То есть те, кто часами стоял в очередях за кусочком хлеба для своих близких, для детей. Те, кто шел разбирать деревянные постройки на дрова. Те, кто ходил, вернее полз, за водой на реку, к проруби, а то за снегом, который растапливал на плите. Казалось бы, они должны были беречь силы, не расходовать калории, лежать, экономить каждый шаг. Между тем, нарушая все законы физиологии и энергетики, выигрывали те, кто не щадил себя. Жена, которая отдавала часть своего пайка мужу, мать, которая, не имея чем кормить младенца, надрезала себе вену и давала ребенку пососать свою кровь.
Конечно, умирали и спасатели. Но, во всяком случае, они оставались людьми, а чувство любви, сострадания продлевало им жизнь.
Медики, к которым мы обращались, не могли нам разъяснить этого феномена. Выживали те, кто спасал других, — удивительное это нравственное правило подтверждалось все новыми свидетельствами. Люди не знали об этом, они действовали, подчиняясь призывам любви и сострадания.
Экстремальные условия блокады, когда ослаб, отдалился тоталитарный гнет, помогли освободить естественное чувство милосердия. Что же случилось с нами за эти годы мирной сытой жизни? Почему теперь, когда тепло, когда мы живем несравненно лучше, думал я, когда мы одеты и нет войны, нет блокады, почему мы проходим мимо? И спрашивал себя: а подошел бы я? Или я думаю об этом сейчас только потому, что я наткнулся на это холодное безразличие людей к своей беде?
Однажды ночью, когда мне не спалось в этой больнице, плечо еще очень болело, я пошел гулять по коридору. Больница была переполнена, особенно женское отделение, не хватало мест, в коридоре стояли кровати. Больные спали, но с одной из кроватей раздавался тихий стон. Я подошел поближе, увидел старую седую женщину с распущенными волосами. Я спросил, не позвать ли сестру. Она ответила: «Не надо. Лучше посидите рядом со мной». Я сел. Она медленно, с трудом стала рассказывать о себе. Ей было 75 лет, дочь ее жила на Дальнем Востоке, муж погиб в войну, сама она работала на швейной фабрике и пела в хоре.
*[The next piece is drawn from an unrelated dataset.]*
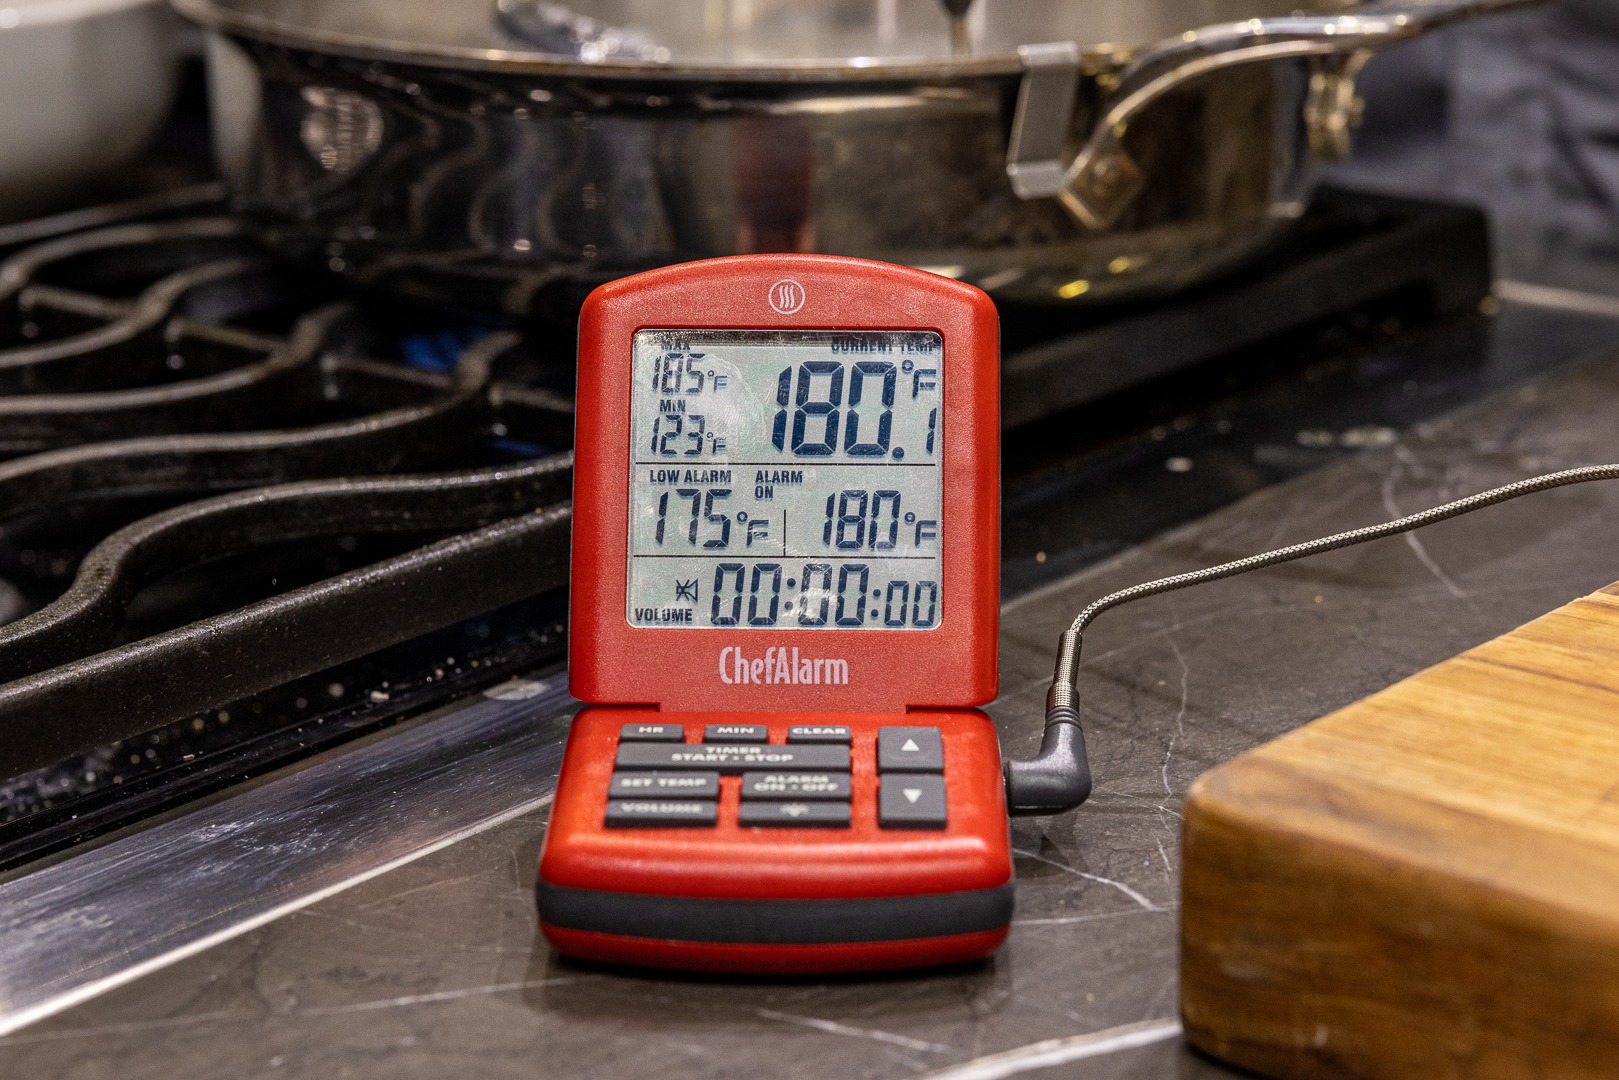 Water at temp for poaching eggs—180°F using Chef Alarm

И однажды сидела в тюрьме за то, что избила директора фабрики… Вдруг она мне сказала: «Вы знаете, я, наверно, не доживу до утра. Я скоро умру. Не отходите от меня».
Я говорю, что сейчас позову врача, она отвечает: «Нет-нет, это не нужно, это не поможет, они ничего не могут сделать. Только не уходите». Она взяла меня за руку, закрыла глаза, как будто успокоившись, потом раздался прерывистый вздох, она открыла глаза, почти улыбнулась мне, глаза остановились, и я почувствовал — я даже не могу объяснить почему, этот момент я всегда чувствовал и на войне, и в госпитале — душа отлетает. Я держал ее руку, которая постепенно твердела, остывала. Я позвал дежурного врача. Да, она действительно умерла.
Я подумал тогда, как страшно и тяжело человеку, этой женщине, было умирать в одиночестве, в больничной постели, ночью, когда некому сказать последнего слова и некому выслушать. Нужно ведь так немного, всего-то — чтобы кто-то держал тебя за руку, чтобы кто-то был рядом. Она ничего не завещала, не просила, не было прощальных слов, это был обыкновенный разговор, но все же ее как бы провожали. Люди часто чувствуют близость смерти. Я помню это по войне, по блокаде. Да и в мирной жизни.
У нас совершенно ликвидирован институт причастия, когда приходит священник, когда человека готовят к смерти, когда он прощается с ближними. Люди умирают в полной заброшенности, некому сказать последнее слово, попрощаться с тем миром, в котором ты
жил. Это жестоко. И тут ко мне вернулось, пришло начисто забытое слово «милосердие». Старинное русское понятие, значение которого трудно даже выразить, столько в него входит. Это мило-сердце, то есть то сочувствие, сердечность, сокровенная расположенность одного человека к другому в минуты несчастья, бедствия, горя, одиночества, болезни, когда человеку более всего нужно соучастие, сочувствие, когда для человека невыносимо ощущение одиночества, своей ненужности.
Слово «милосердие» когда-то было в России чрезвычайно распространено. Существовали сестры милосердия, которые работали в больницах, то есть те больничные сестры, которые сейчас называются просто медицинскими, раньше назывались сестрами милосердия. Существовали Общества милосердия. Я не знал истории, связанной с милосердием в России. Я знал только, что слово это исчезло из лексикона. Потому что исчезло само понятие милосердия. А почему оно исчезло? Как это произошло? И что появилось взамен?.. Но как же мы живем без понятия милосердия?..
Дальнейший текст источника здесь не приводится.